Among the entries below, retype exactly the lines starting with the one with "A Beautiful Daffodil in Spring" and going on through the one with "Grosses Adressbuch der", but not the pictures.
::: Data :::
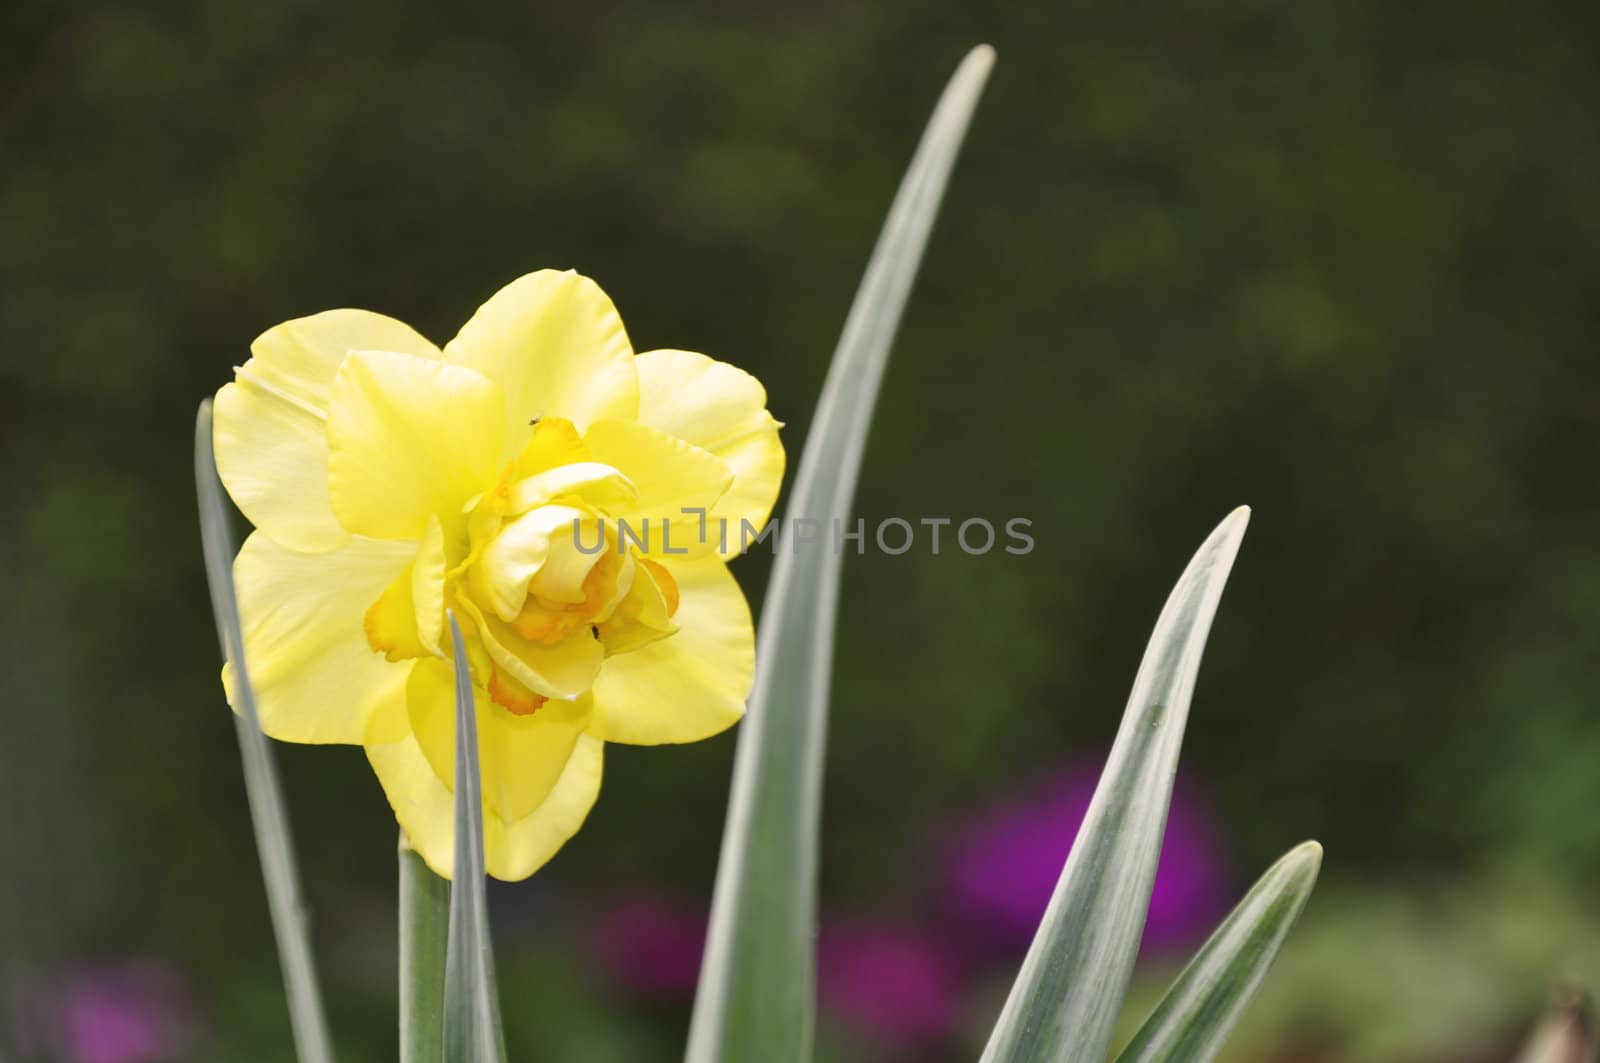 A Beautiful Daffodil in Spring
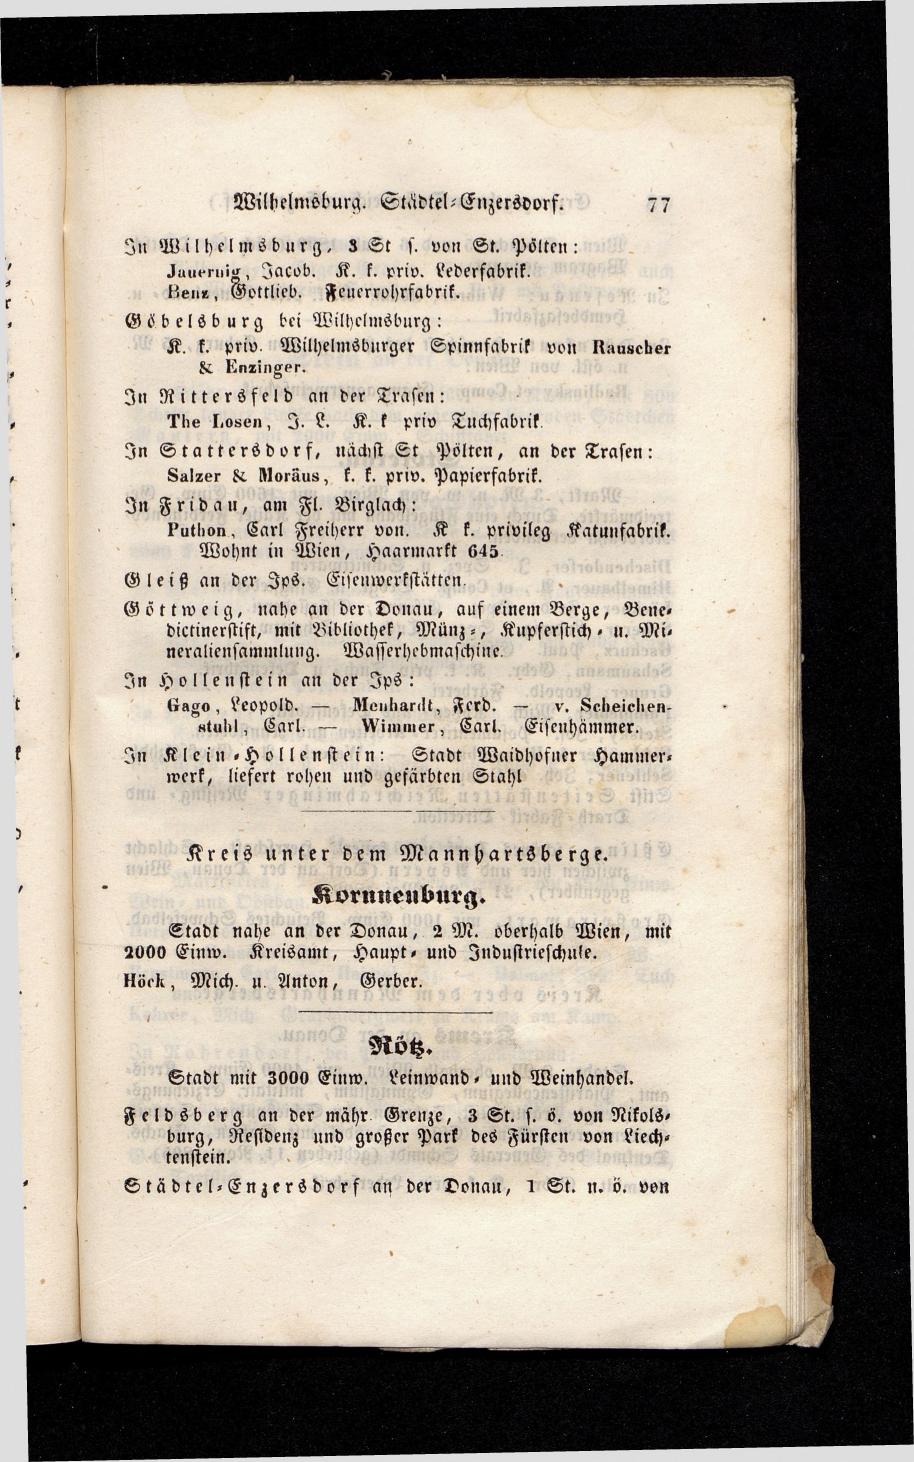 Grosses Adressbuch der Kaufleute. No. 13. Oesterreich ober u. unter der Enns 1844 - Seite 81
:::
::: Data :::
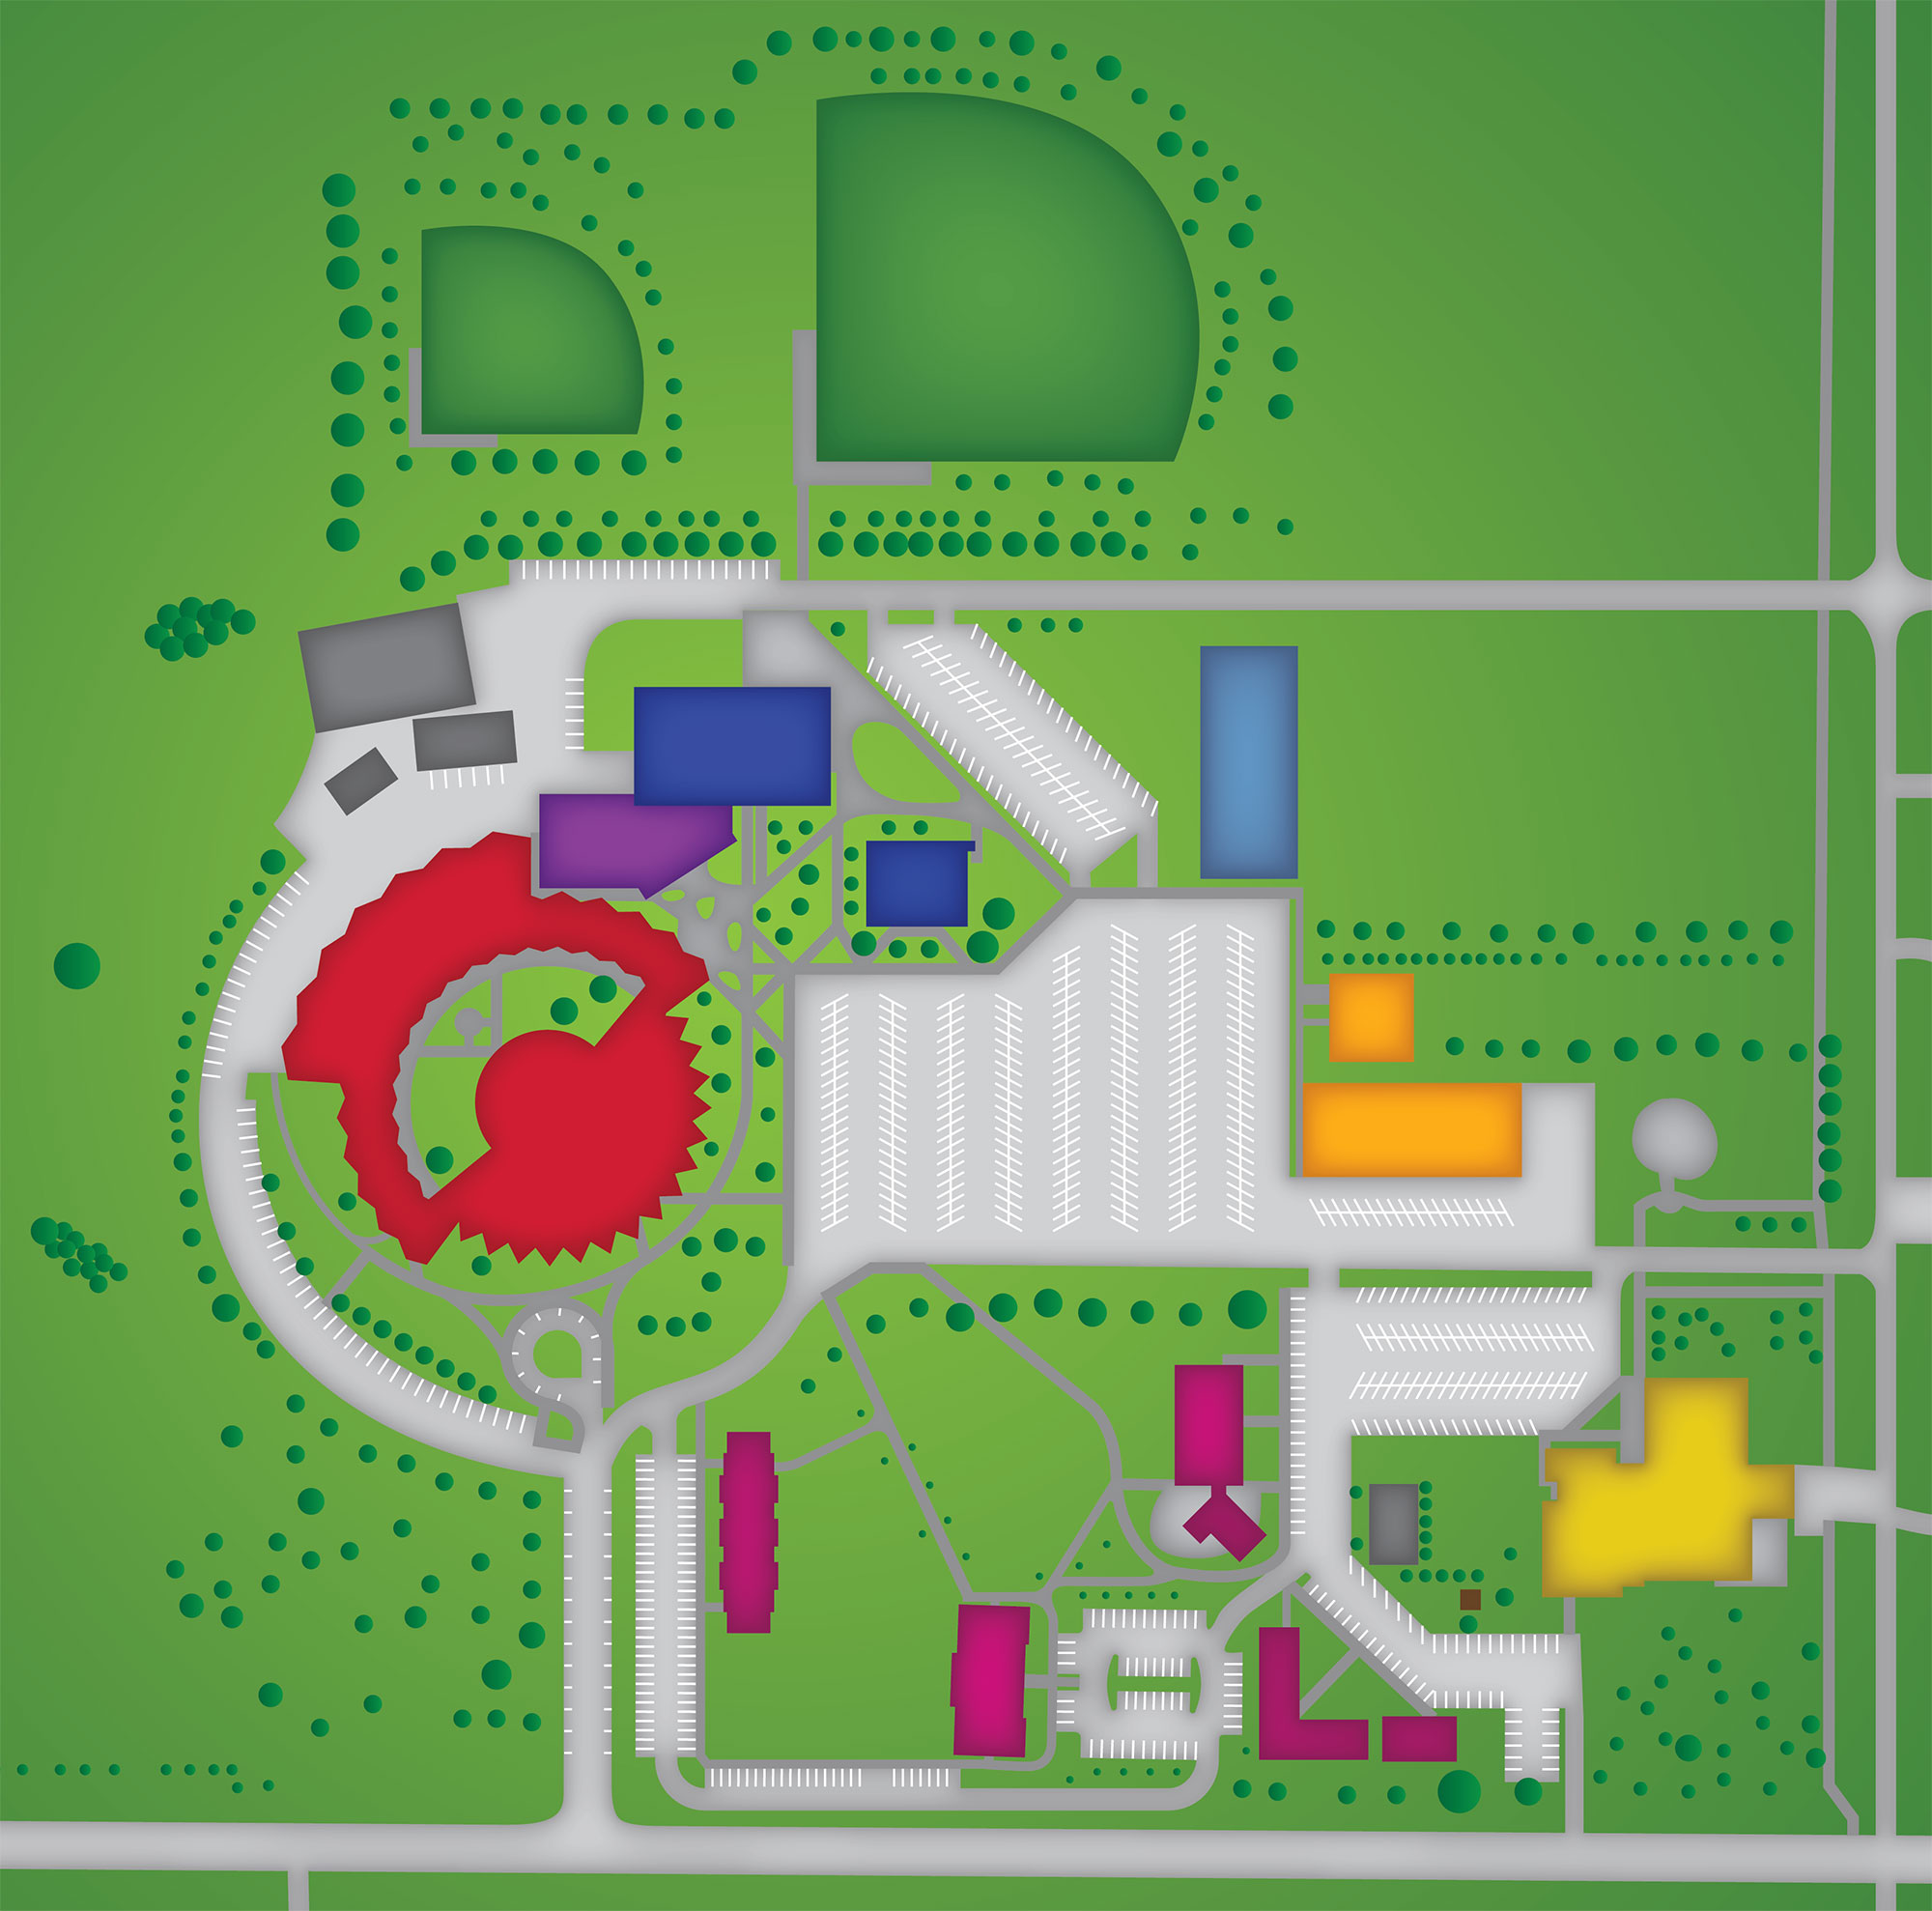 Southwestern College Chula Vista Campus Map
:::
::: Data :::
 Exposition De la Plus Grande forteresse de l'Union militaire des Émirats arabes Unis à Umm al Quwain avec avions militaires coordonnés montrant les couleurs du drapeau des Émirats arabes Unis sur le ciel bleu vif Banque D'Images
:::
> [Solved exercise]:
 A Beautiful Daffodil in Spring
 Grosses Adressbuch der Kaufleute. No. 13. Oesterreich ober u. unter der Enns 1844 - Seite 81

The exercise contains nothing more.